UK inflation rises to 3.3% as Iran war impact begins to hit

  • The British central bank is expected to keep borrowing costs on hold on April 30 at the end of its next scheduled Monetary Policy Committee meeting
Published Updated
Photo: Reuters
Photo: Reuters
By

LONDON: British consumer price inflation rose to an annual rate of 3.3% in March from 3.0% in February, according to official figures published on Wednesday which showed the first impact on prices from the war in the Middle East.

Economists polled by Reuters had mostly expected inflation to accelerate to 3.3%, driven by a rise in petrol and other fuel costs during March.

Before the US-Israeli war on Iran began on February 28, the Bank of England said Britain’s inflation rate - the highest among the Group of Seven economies for much of the last four years - was likely to be close to its 2% target in April.
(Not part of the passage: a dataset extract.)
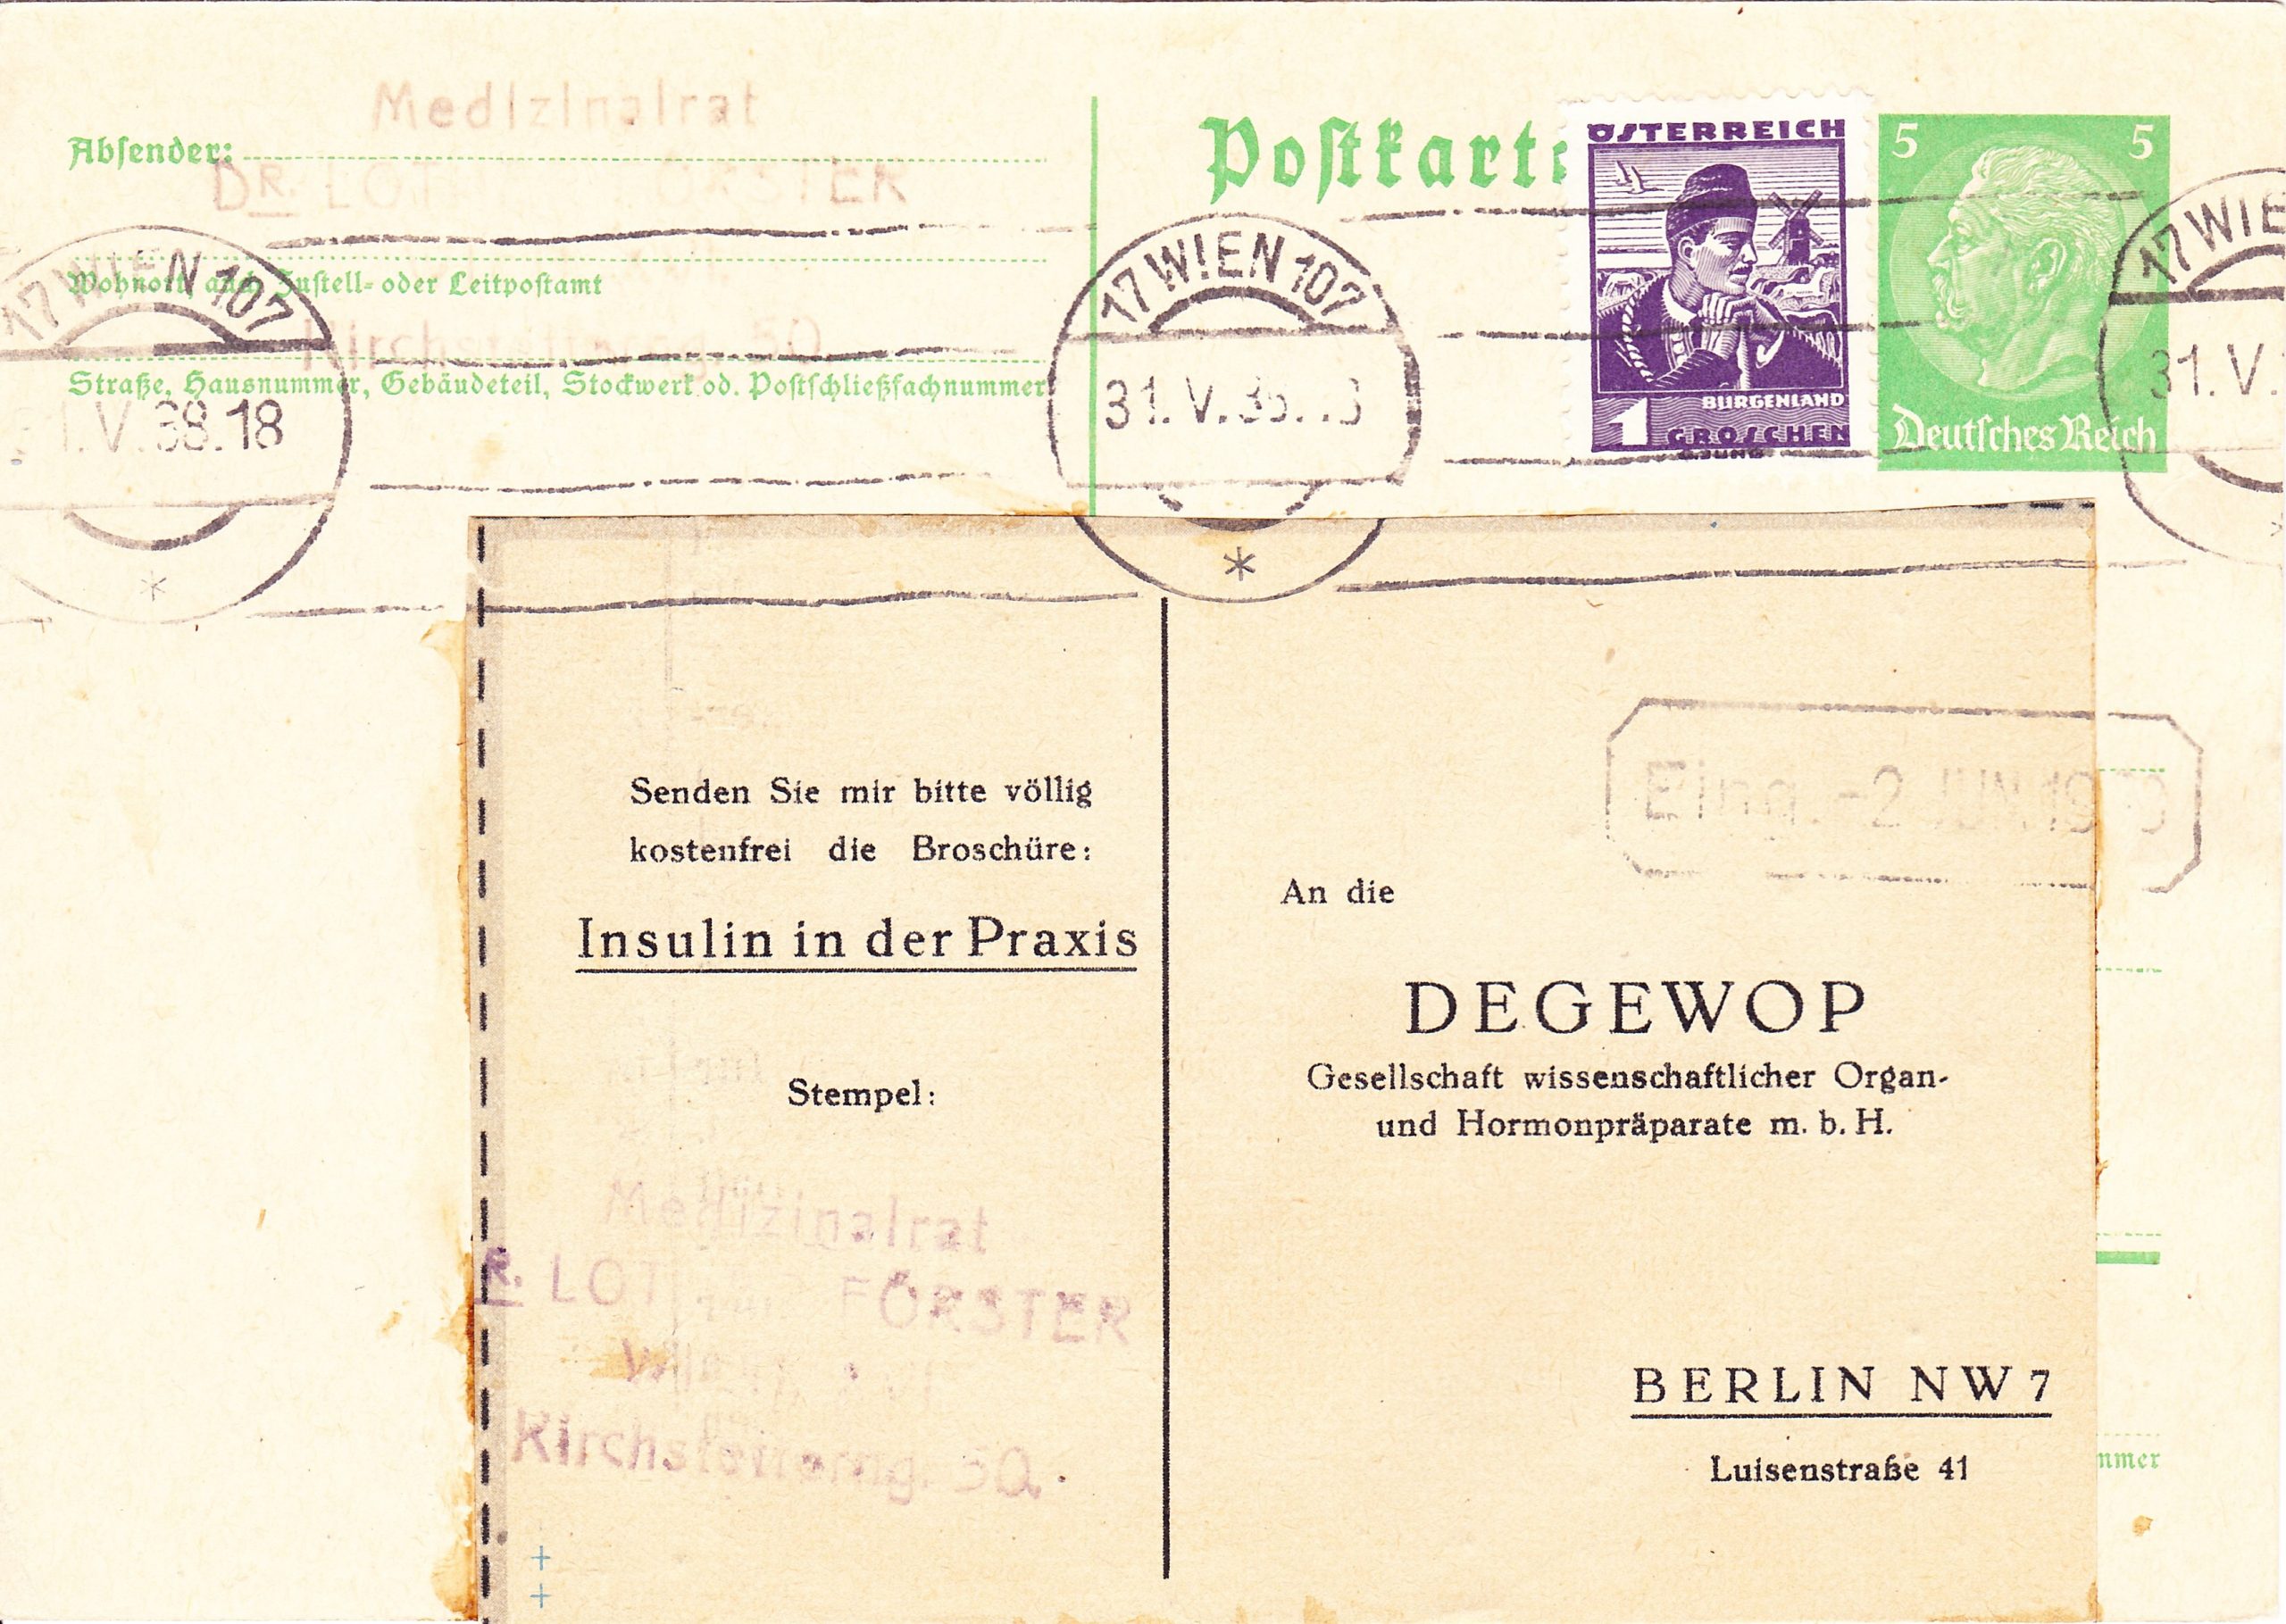 Postkarte, Österreich, 1938, an die Firma Degewop

But the BoE last month sharply increased its inflation forecast due to the energy price shock, predicting it would rise towards 3.5% by the middle of 2026. The International Monetary Fund last week predicted British inflation would peak at 4% in the coming months.

However, the BoE’s interest rate-setters have mostly said it is too soon to know what the rise in headline inflation will mean for underlying price pressures in the economy, given the weak jobs market which could make it harder for workers to demand higher pay or for businesses to pass on higher costs.

The British central bank is expected to keep borrowing costs on hold on April 30 at the end of its next scheduled Monetary Policy Committee meeting.

Financial markets on Tuesday were betting on one or possibly two quarter-point interest rate rises by the BoE this year. But a Reuters poll of economists showed most expected no change in borrowing costs during 2026.